§ **Dataset section**
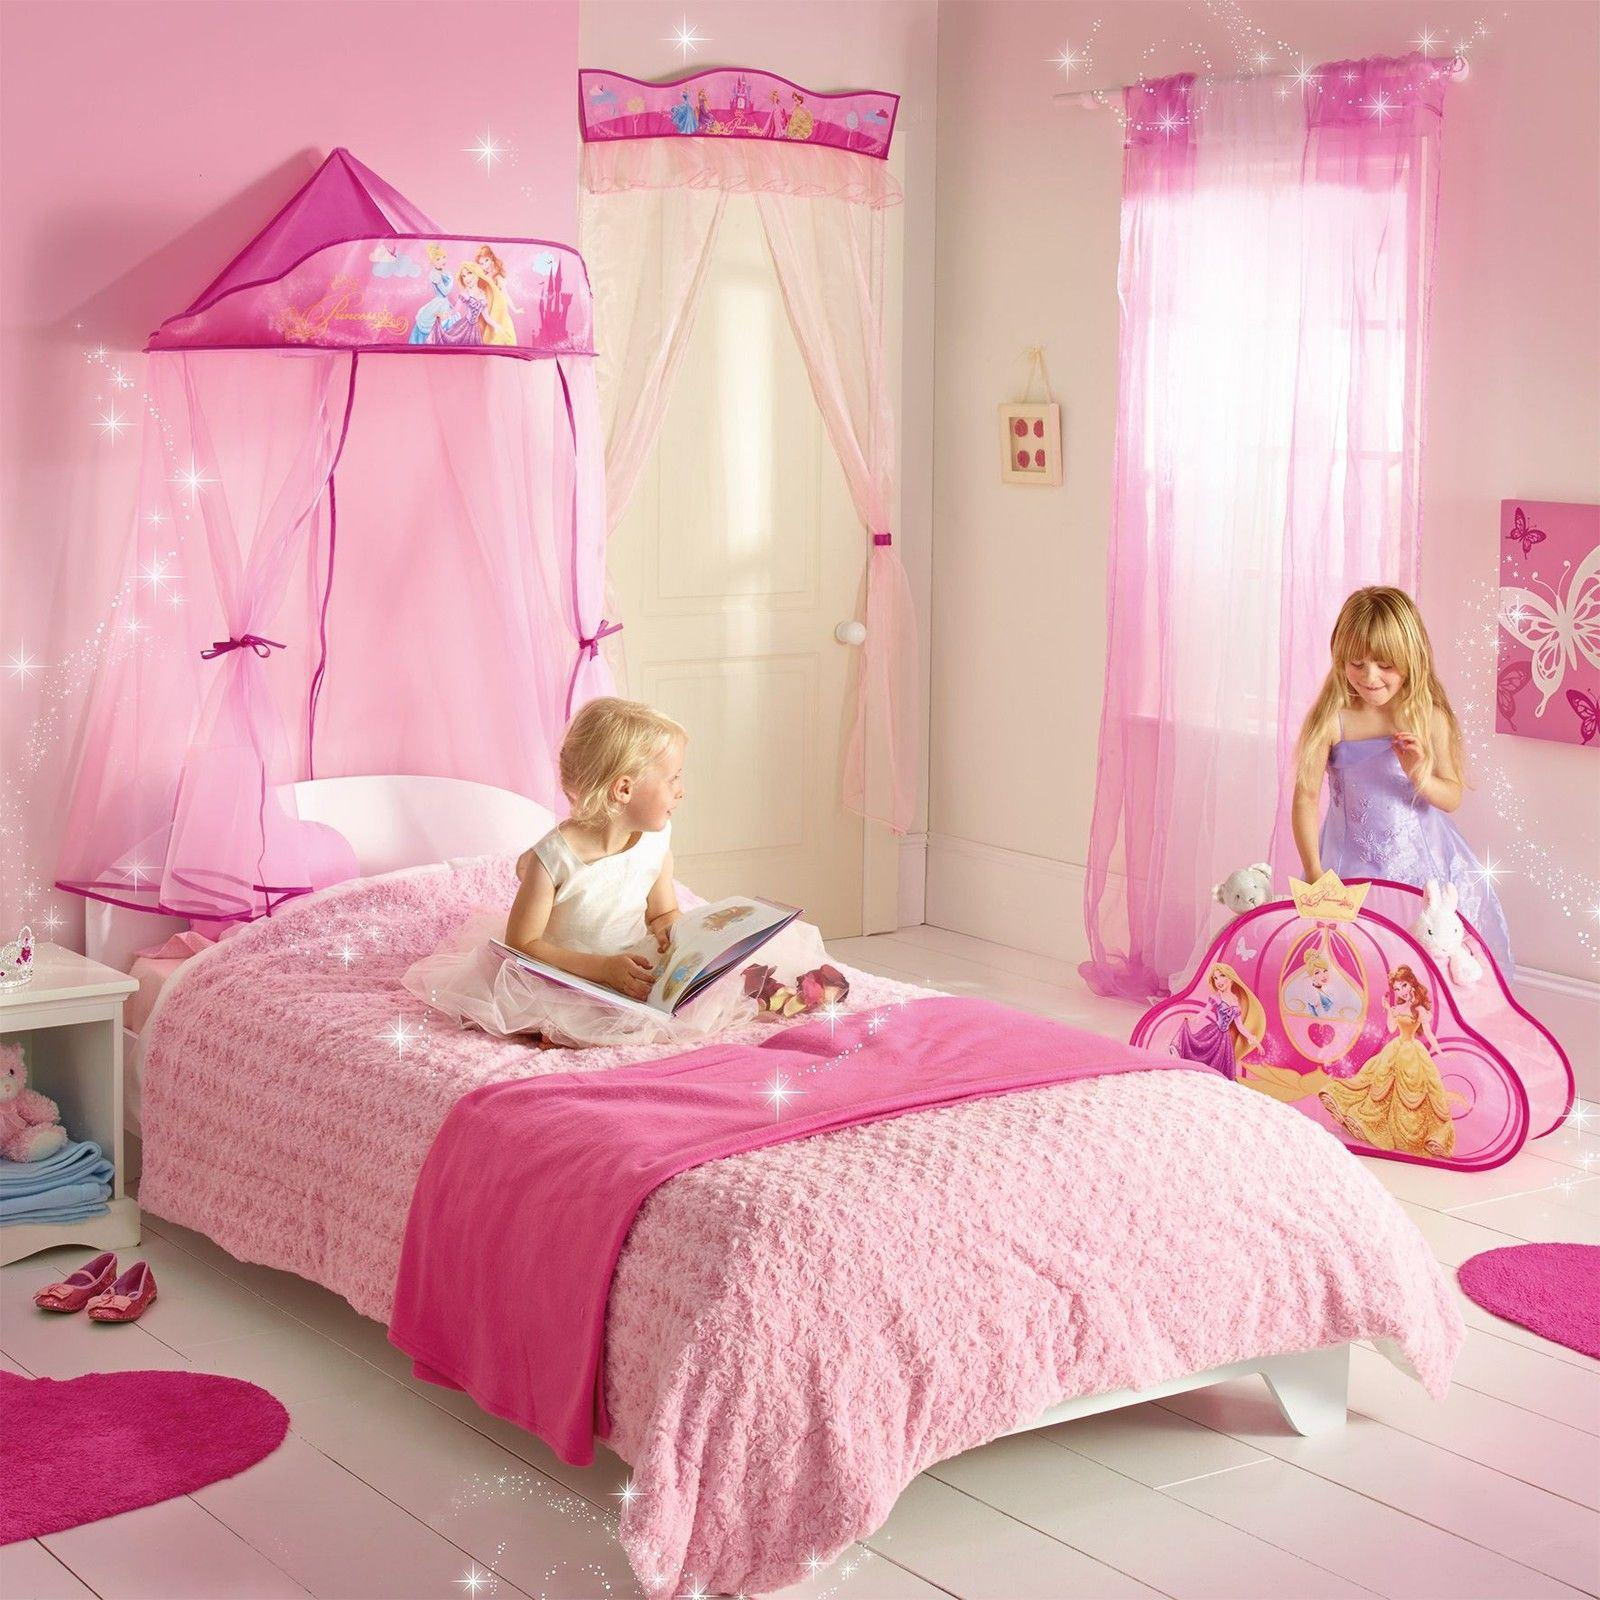 بالصور ديكورات غرف نوم بنات , تصميمات حديثة لغرف نوم بنات 2576 8
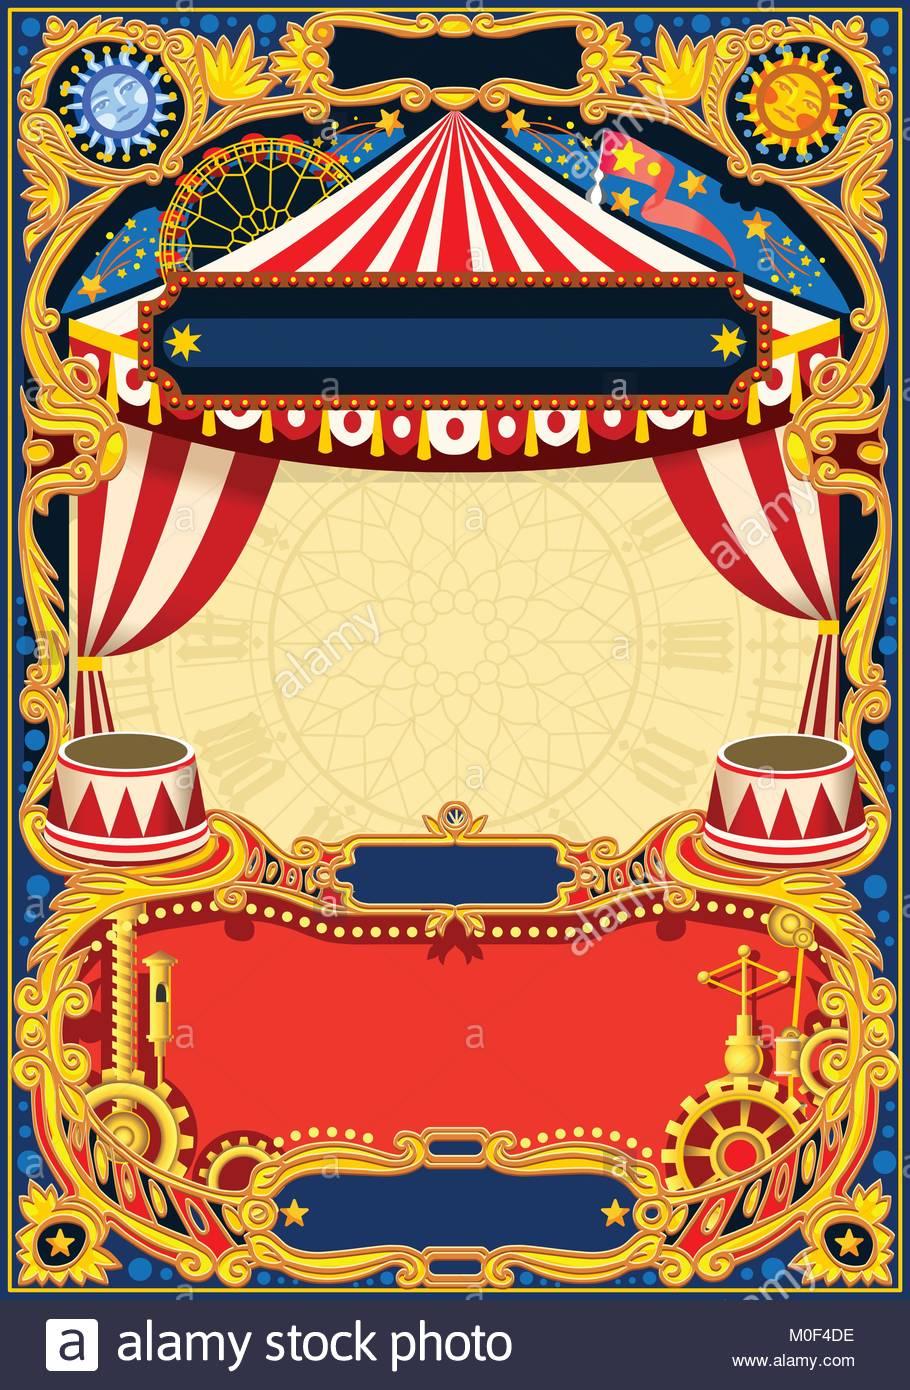 Circo bastidor editable. Vintage plantilla con carpa de circo para ...
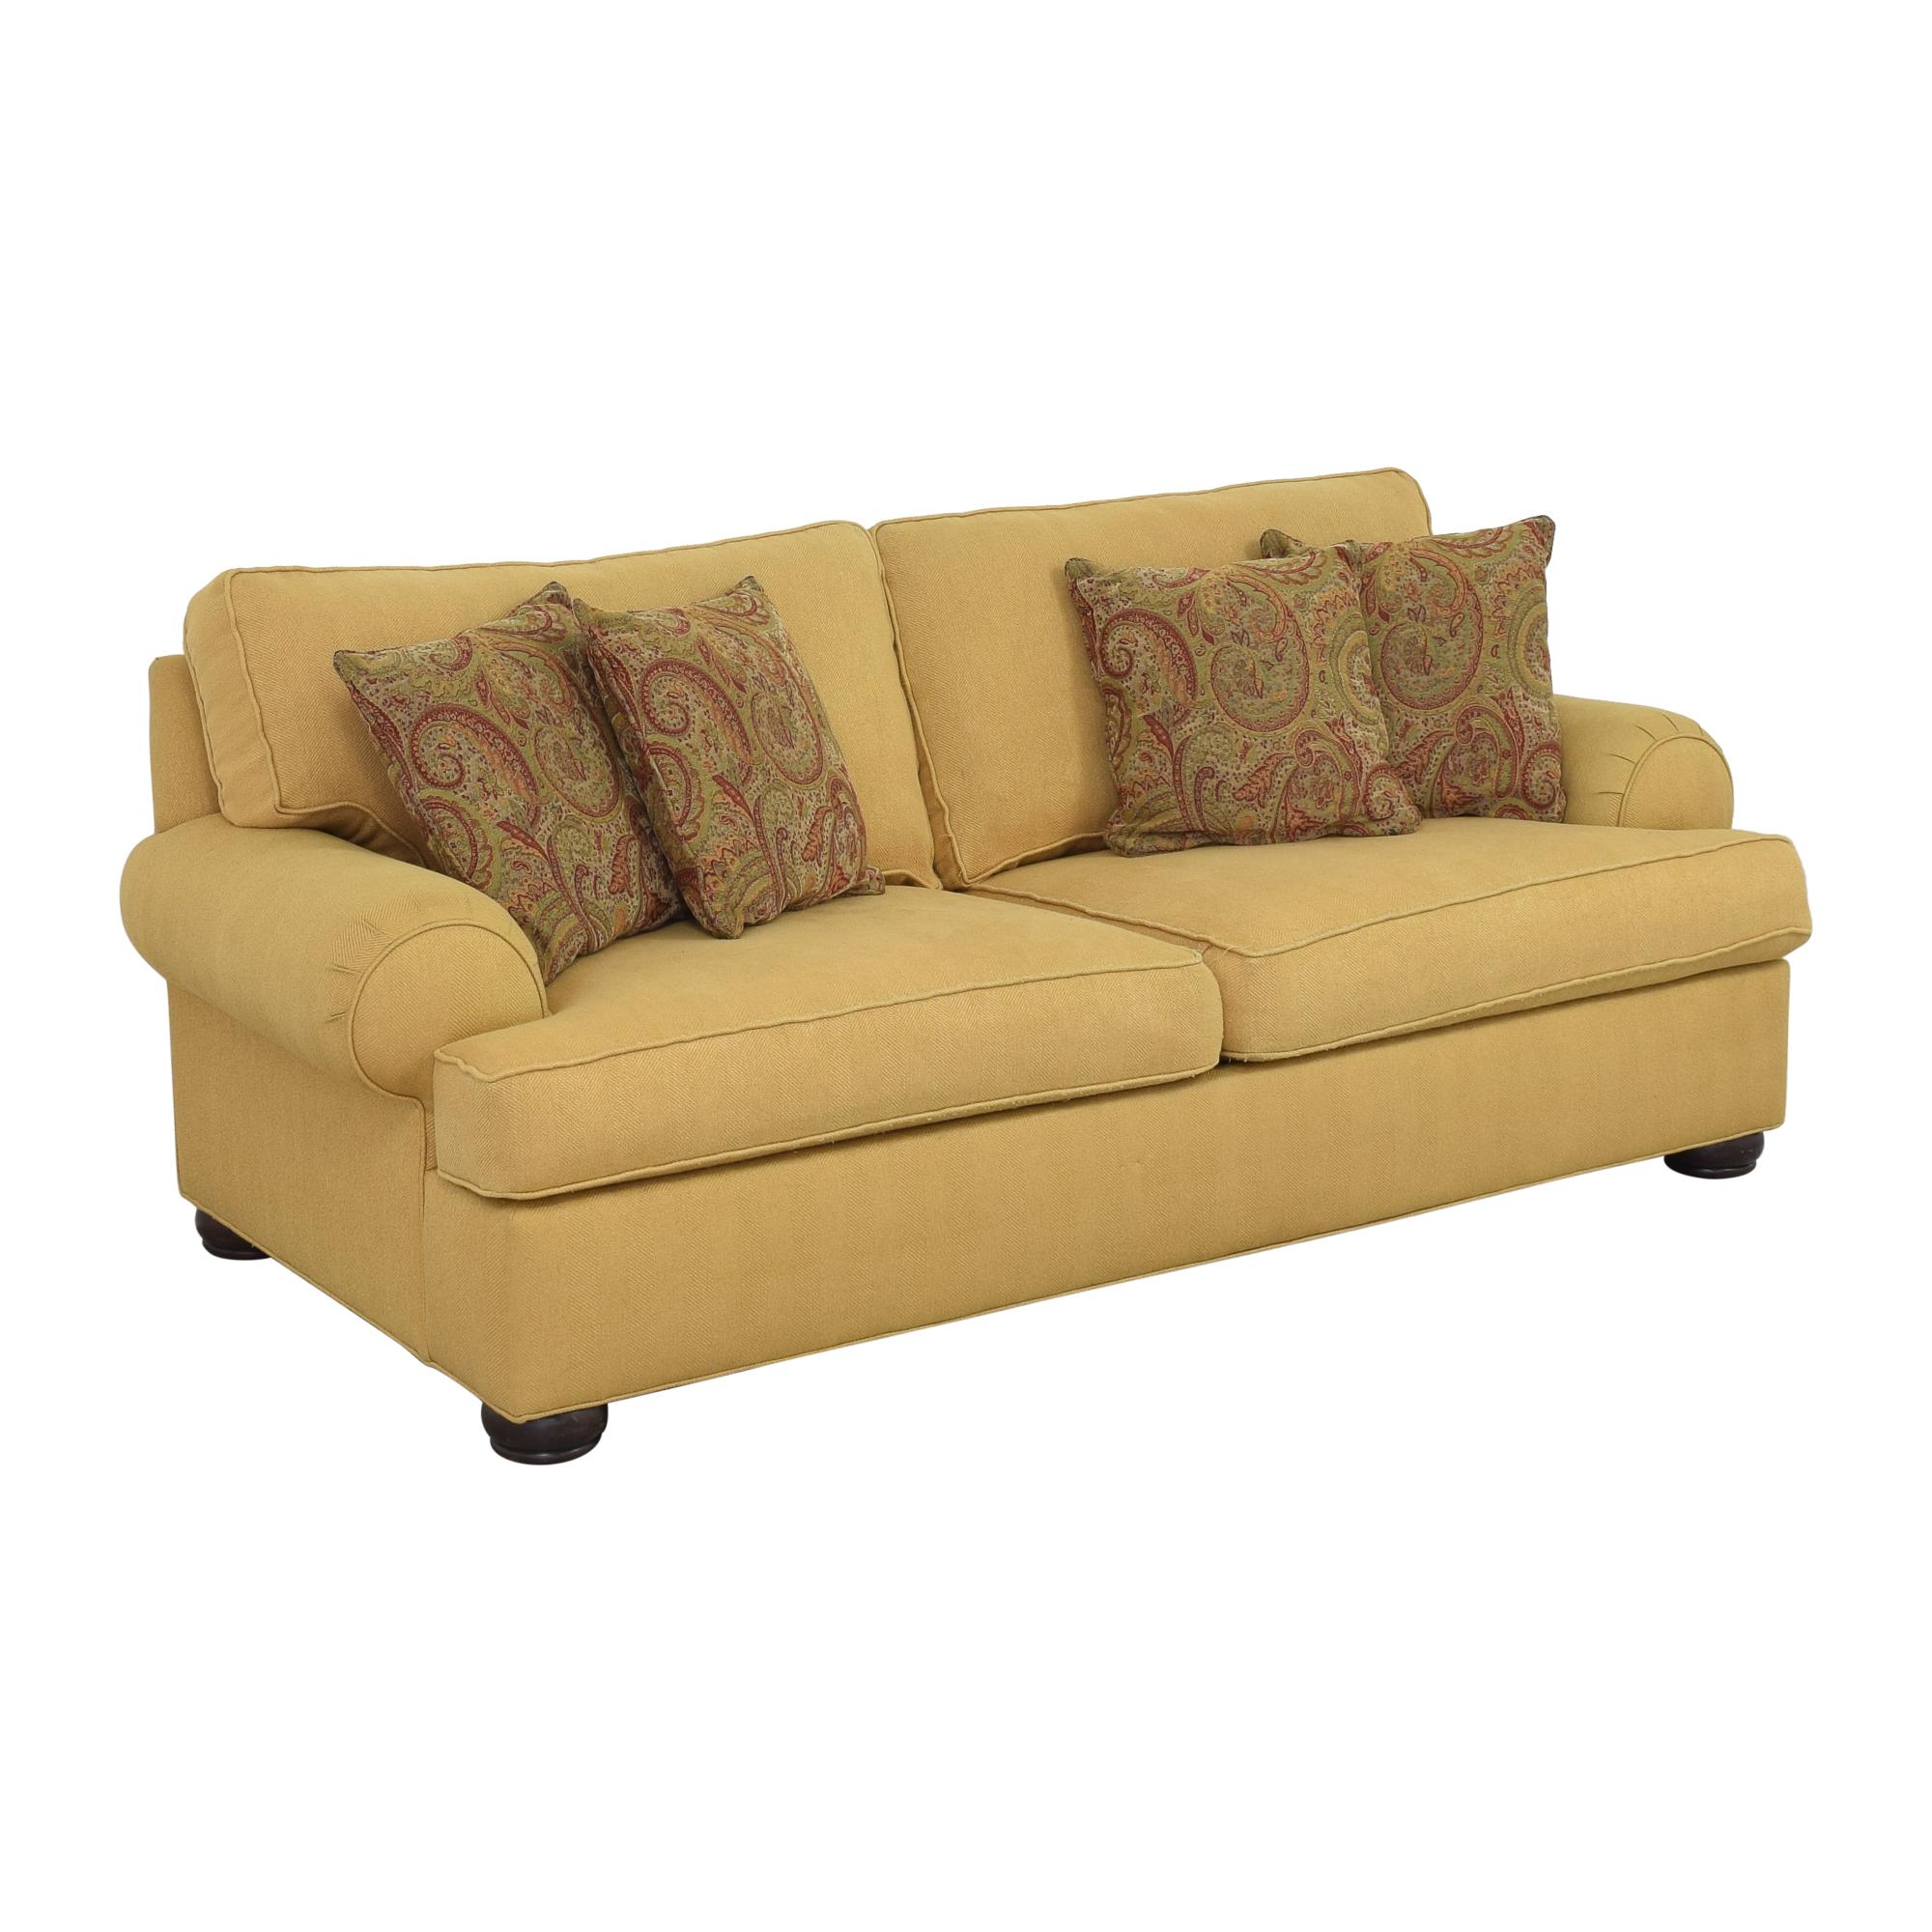 buy Ethan Allen Roll Arm Sofa Ethan Allen Classic Sofas

§ **Work instruction**
Pictures are to be left out; repeat all the remaining data exactly.

§ **Response to the task**
 بالصور ديكورات غرف نوم بنات , تصميمات حديثة لغرف نوم بنات 2576 8
 Circo bastidor editable. Vintage plantilla con carpa de circo para ...
 buy Ethan Allen Roll Arm Sofa Ethan Allen Classic Sofas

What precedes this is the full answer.